> _What the task requires_
The records shown below are to be repeated exactly and completely.

> _Data for processing_
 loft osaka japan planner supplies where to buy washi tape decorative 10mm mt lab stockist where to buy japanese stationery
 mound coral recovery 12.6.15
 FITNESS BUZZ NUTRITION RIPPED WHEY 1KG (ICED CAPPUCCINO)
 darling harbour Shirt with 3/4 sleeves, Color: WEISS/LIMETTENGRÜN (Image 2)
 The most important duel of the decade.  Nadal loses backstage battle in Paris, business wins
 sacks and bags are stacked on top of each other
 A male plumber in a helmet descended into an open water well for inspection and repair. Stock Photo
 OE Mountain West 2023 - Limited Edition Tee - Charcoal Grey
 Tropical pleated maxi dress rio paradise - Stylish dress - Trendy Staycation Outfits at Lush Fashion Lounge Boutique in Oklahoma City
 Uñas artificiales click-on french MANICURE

> _Written response_
 loft osaka japan planner supplies where to buy washi tape decorative 10mm mt lab stockist where to buy japanese stationery
 mound coral recovery 12.6.15
 FITNESS BUZZ NUTRITION RIPPED WHEY 1KG (ICED CAPPUCCINO)
 darling harbour Shirt with 3/4 sleeves, Color: WEISS/LIMETTENGRÜN (Image 2)
 The most important duel of the decade.  Nadal loses backstage battle in Paris, business wins
 sacks and bags are stacked on top of each other
 A male plumber in a helmet descended into an open water well for inspection and repair. Stock Photo
 OE Mountain West 2023 - Limited Edition Tee - Charcoal Grey
 Tropical pleated maxi dress rio paradise - Stylish dress - Trendy Staycation Outfits at Lush Fashion Lounge Boutique in Oklahoma City
 Uñas artificiales click-on french MANICURE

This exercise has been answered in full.